Support of stereo signals during separation (throughout the process)

FSharpCSharp commented 4 years ago

Since I came across this model rather accidentally and have now roughly flown over it, I noticed that this can apparently only separate mono signals so far. From a technical point of view this is of course the much bigger challenge than a stereo signal, because all the room information is lost.

So I asked myself if it is possible to use this additional information. Would it be very difficult to extend the existing model to do so?

I find the approaches very exciting, because I have already got very good results from other models like Demucs, which also works in the waveform domain.

But this model seems to be much lighter than Demucs, for example, and the results seem to be very comparable.

The model would be much better if it could handle stereo signals. Then it would hardly be inferior to Demucs.

davda54 commented 4 years ago

Hi, thank you for your interest! The network could be extended to directly handle a stereo signal by changing the number of input/output channels from 1 to 2 in the encoder and decoder, respectively.
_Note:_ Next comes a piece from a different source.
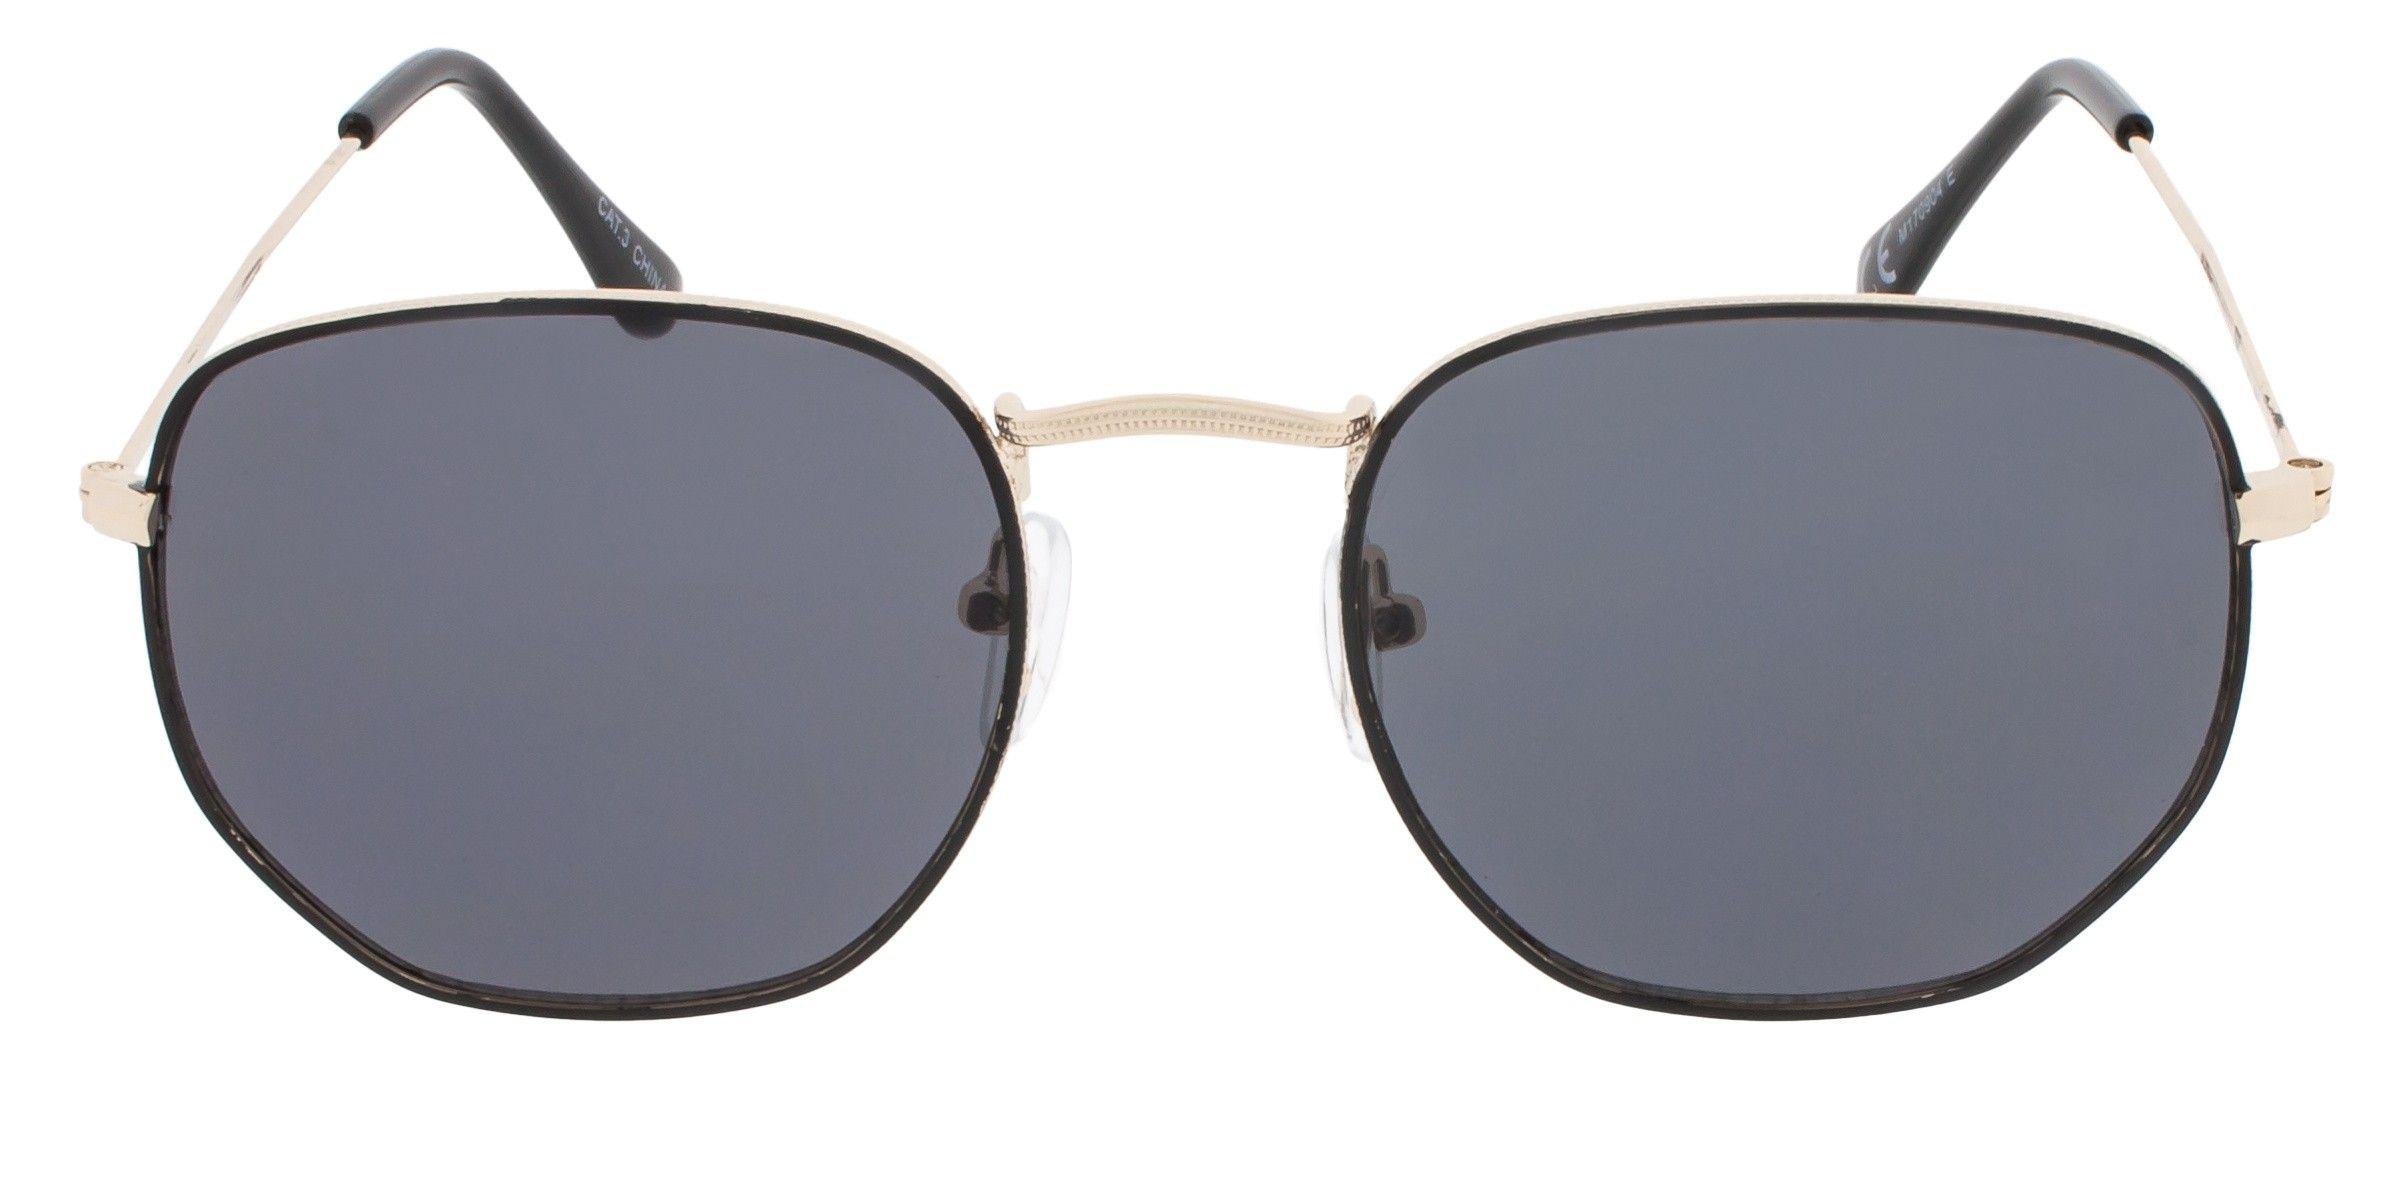 Afbeelding van Icon Eyewear M170904 E Zonnebril Black / Gold

RadioAngurem commented 4 years ago

Hi, like FSharpCSharp I have been testing Demucs and the ConvTasnet model implemented by Demucs group for a while and I´m very impressed by the results of meta-tasnet and how fast the model compute the separated stems.

How could I change the input/output channels in the code to execute stereo separation in the google colab notebook?. Thank you.

davda54 commented 4 years ago

Hi, thanks! Please take a look at evaluate.py where we separate both channels independently. Let me know if that solves your problem :relaxed:

RadioAngurem commented 4 years ago

Thank You!!. It took me "a little" to understand the code but now I can separate stereo audio in the colab notebook.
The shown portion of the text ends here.